If you believe in creation, as I do, our ultimate God is the Creator, a timeless being who set the whole thing in motion, created everything that is, and continues to interact with creation to this day. I wasn’t there, so ultimately, I have no proof that God did this, but by faith, I believe He did. But here’s the thing, if I look at the evidence for common ancestry, I find that an equally plausible inference is that we have a common Artist. In addition, I find the immense amount and type of information encoded within DNA to be simply too complex to not have a programmer. In no other example of life experience would we look at something so full of information and so full of complexity and assume a process like evolution.

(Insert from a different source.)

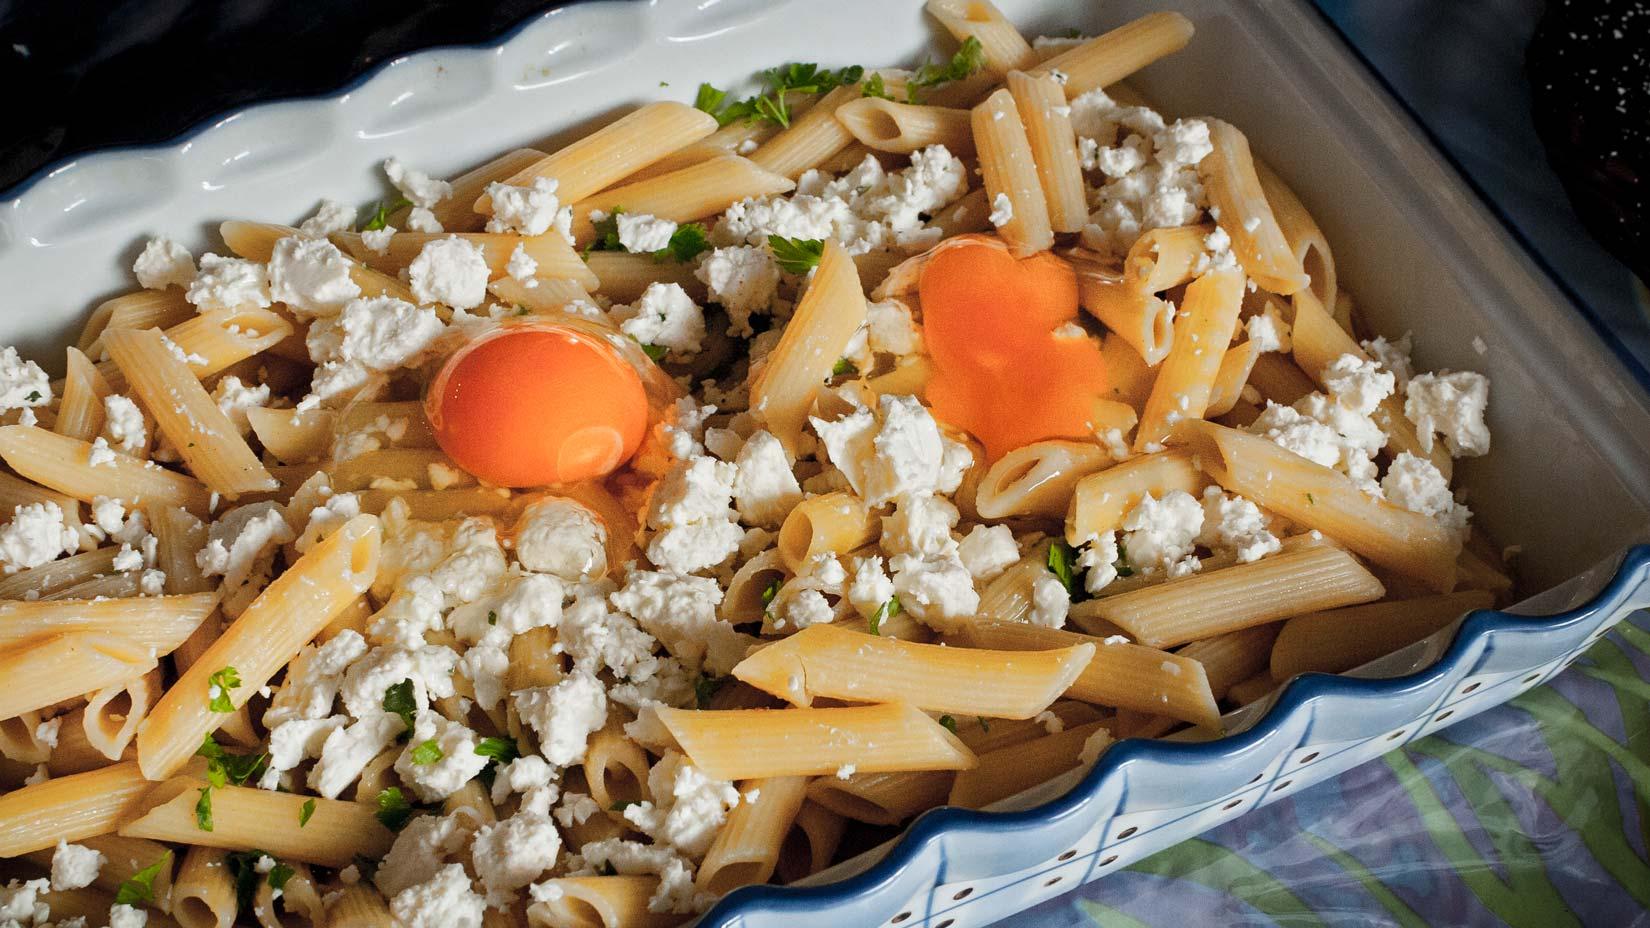 Balkánského sýra dejte do těstovin přiměřeně svým chutím, množství v receptu je orientační

But honestly, we’ve both got our biases. As a Christian, I’m prone to look at things with a slant toward a personal Creator. I see beauty and complexity as gifts from God. I see (and feel) love; I experience thoughts and consciousness; I witness myriad mysteries in life and just -know- that God is behind it all.

The naturalist / evolutionist, if he’s honest, has the opposite slant. For him, there can be no supernatural explanation for anything, and so, no matter what the evidence might suggest, all supernatural explanations are void.

Anyway, my .02 on the subject. Thanks for the interesting dialogue.